Wed Nov 12 17:38:56 PST 2025

On Wed, Nov 12, 2025 at 11:02:47AM +0800, Guo, Wangyang wrote:
> On 11/11/2025 8:08 PM, Ming Lei wrote:
> > On Tue, Nov 11, 2025 at 01:31:04PM +0800, Guo, Wangyang wrote:
> > > On 11/11/2025 11:25 AM, Ming Lei wrote:
> > > > On Tue, Nov 11, 2025 at 10:06:08AM +0800, Wangyang Guo wrote:
> > > > > As CPU core counts increase, the number of NVMe IRQs may be smaller than
> > > > > the total number of CPUs. This forces multiple CPUs to share the same
> > > > > IRQ. If the IRQ affinity and the CPU’s cluster do not align, a
> > > > > performance penalty can be observed on some platforms.
> > > > 
> > > > Can you add details why/how CPU cluster isn't aligned with IRQ
> > > > affinity? And how performance penalty is caused?
> > > 
> > > Intel Xeon E platform packs 4 CPU cores as 1 module (cluster) and share the
> > > L2 cache. Let's say, if there are 40 CPUs in 1 NUMA domain and 11 IRQs to
> > > dispatch. The existing algorithm will map first 7 IRQs each with 4 CPUs and
> > > remained 4 IRQs each with 3 CPUs each. The last 4 IRQs may have cross
> > > cluster issue. For example, the 9th IRQ which pinned to CPU32, then for
> > > CPU31, it will have cross L2 memory access.
> > 
> > 
> > CPUs sharing L2 usually have small number, and it is common to see one queue
> > mapping includes CPUs from different L2.
> > 
> > So how much does crossing L2 hurt IO perf?
> We see 15%+ performance difference in FIO libaio/randread/bs=8k.
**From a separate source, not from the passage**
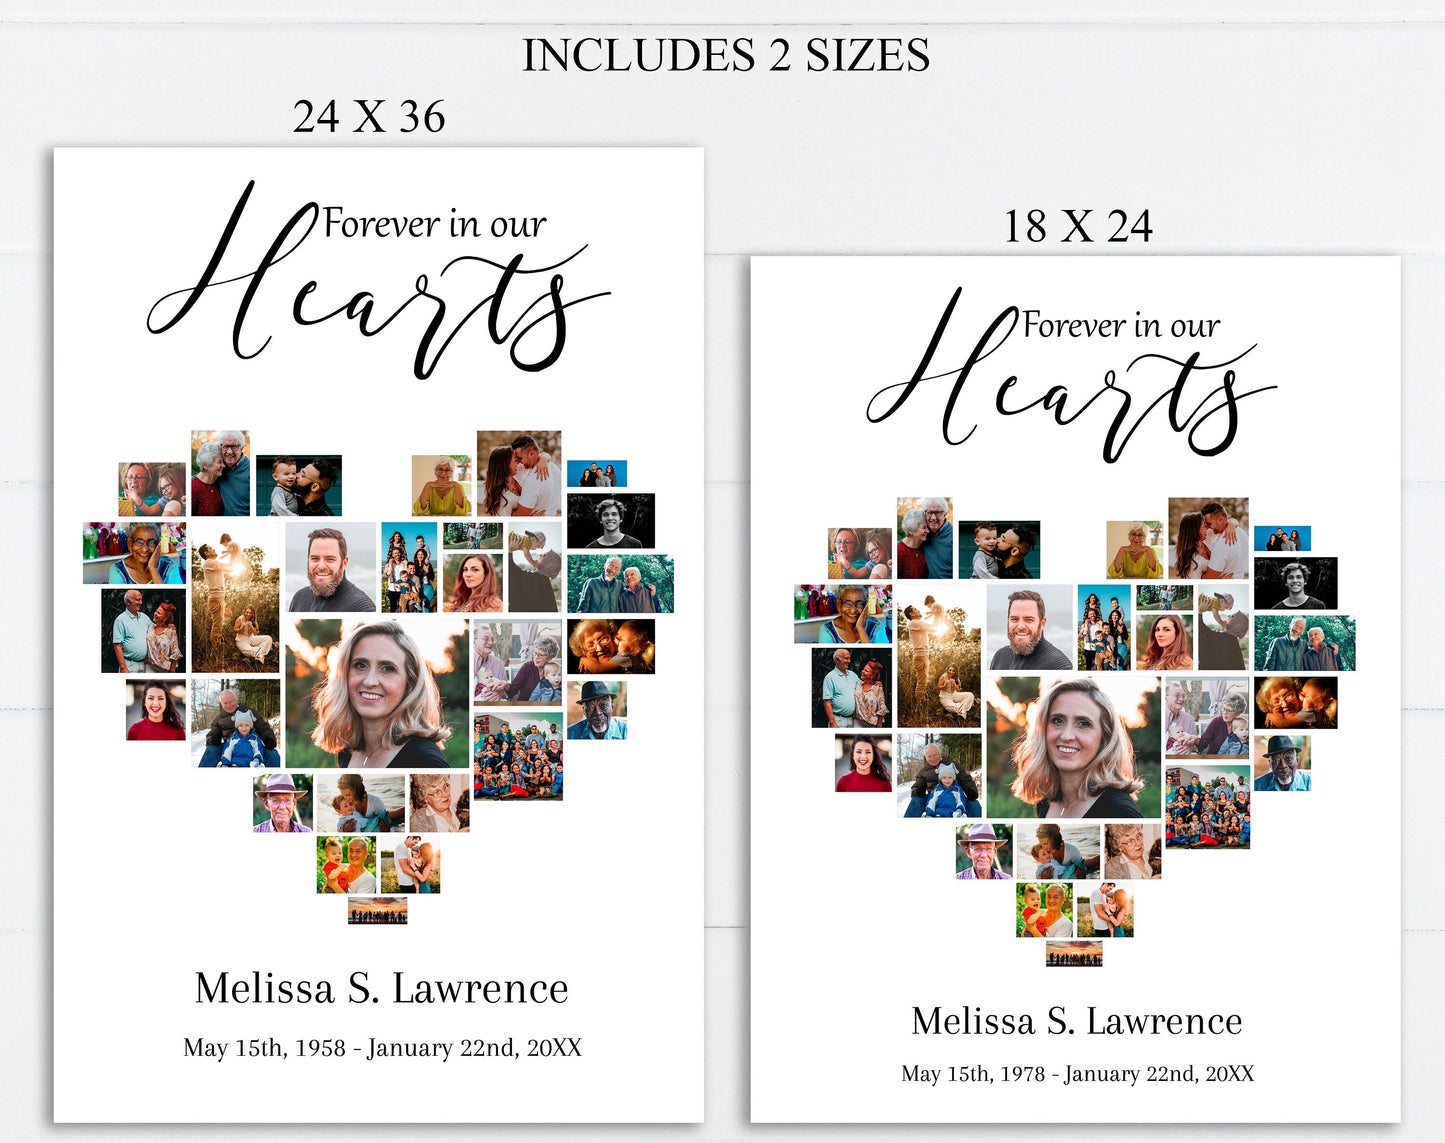 Heart Collage Funeral Memory Board Template - Set of 3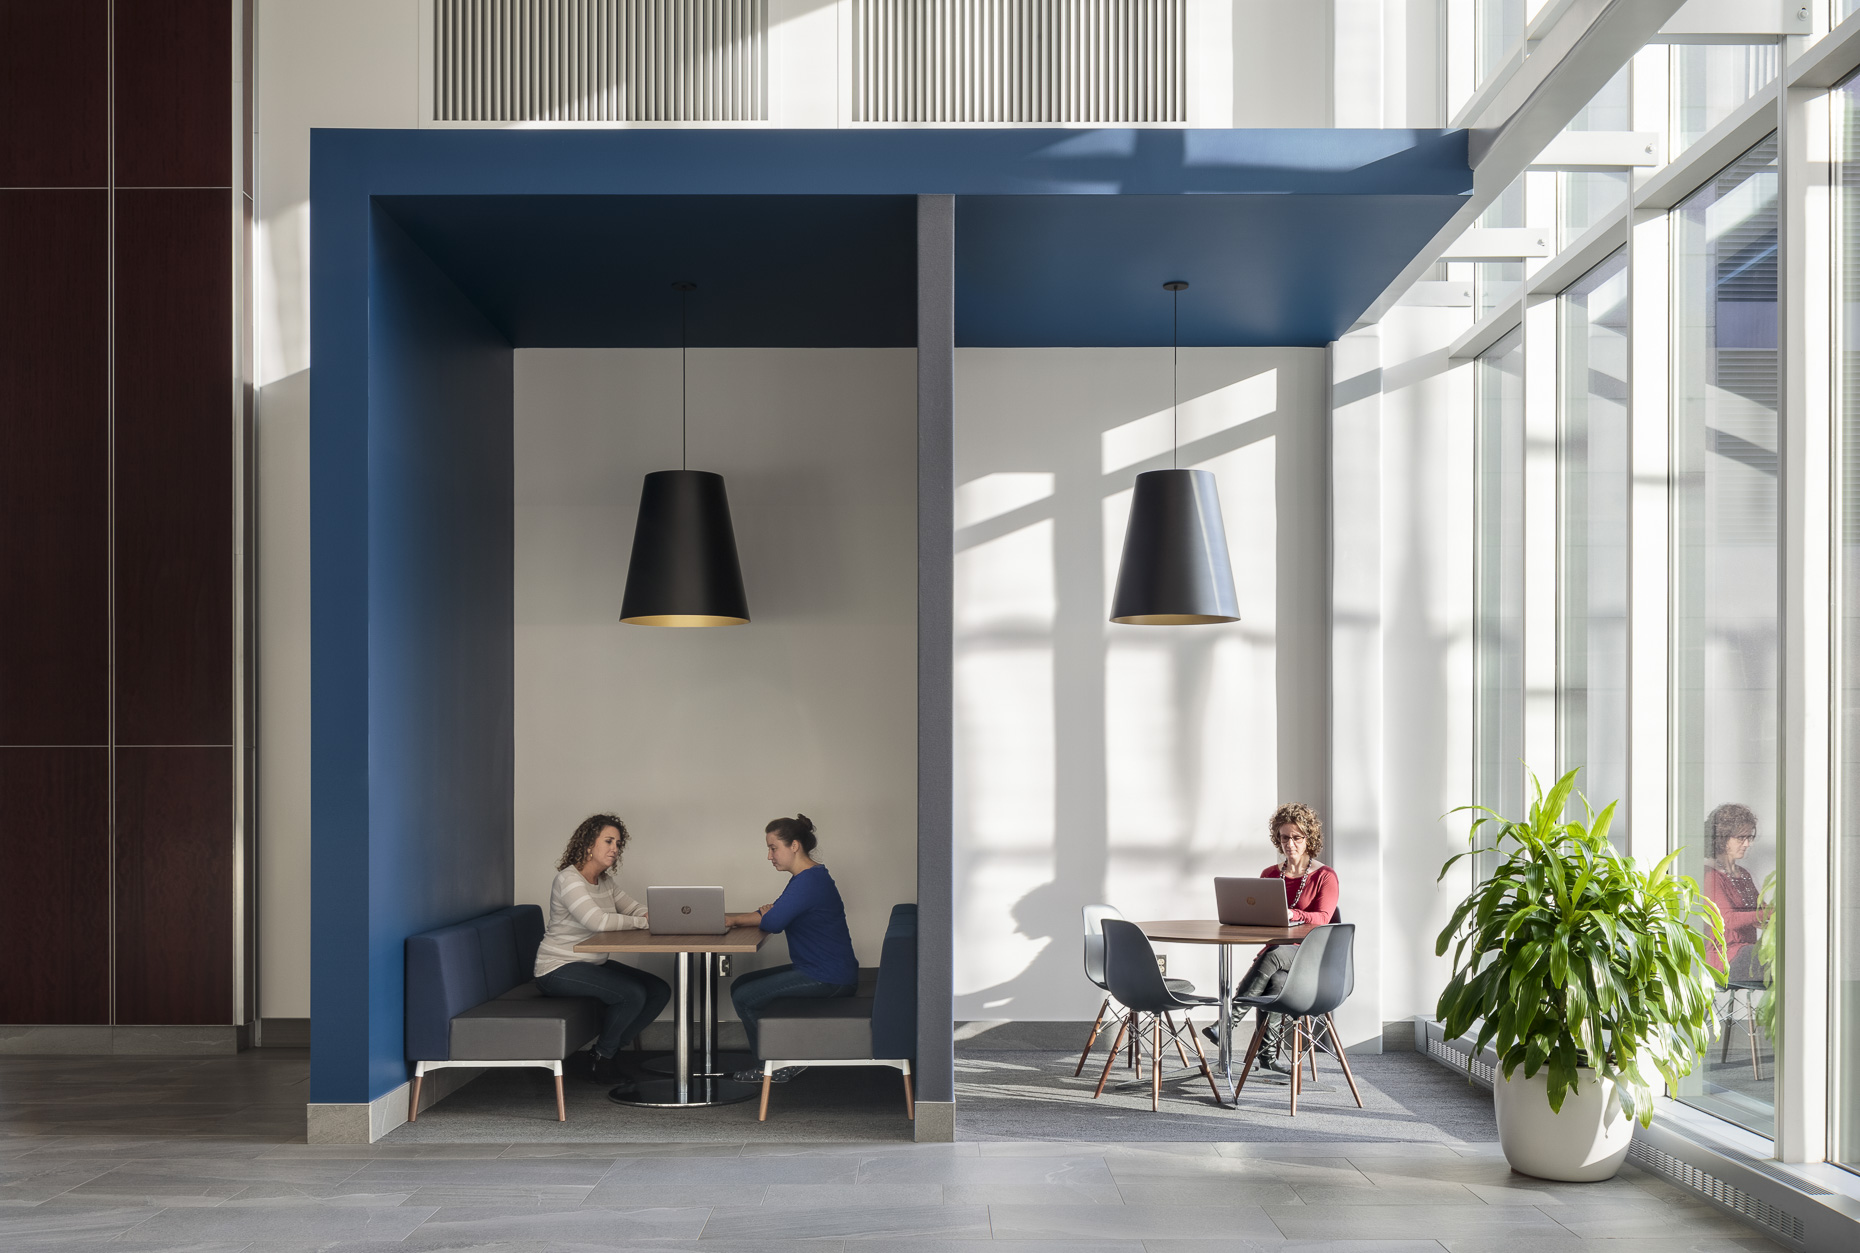 Nationwide HUB by BHDP Architecture photographed by Lauren K Davis based in Columbus, Ohio

As I mentioned, it is common to see CPUs crossing L2 in same group, but why
does it make a difference here? You mentioned just some platforms are
affected.

> > They still should share same L3 cache, and cpus_share_cache() should be
> > true when the IO completes on the CPU which belong to different L2 with the
> > submission CPU, and remote completion via IPI won't be triggered.
> Yes, remote IPI not triggered.

OK, in my test on AMD zen4, NVMe performance can be dropped to 1/2 - 1/3 if
remote IPI is triggered in case of crossing L3, which is understandable.

I will check if topo cluster can cover L3, if yes, the patch still can be
simplified a lot by introducing sub-node spread by changing build_node_to_cpumask()
and adding nr_sub_nodes.

Thanks,
Ming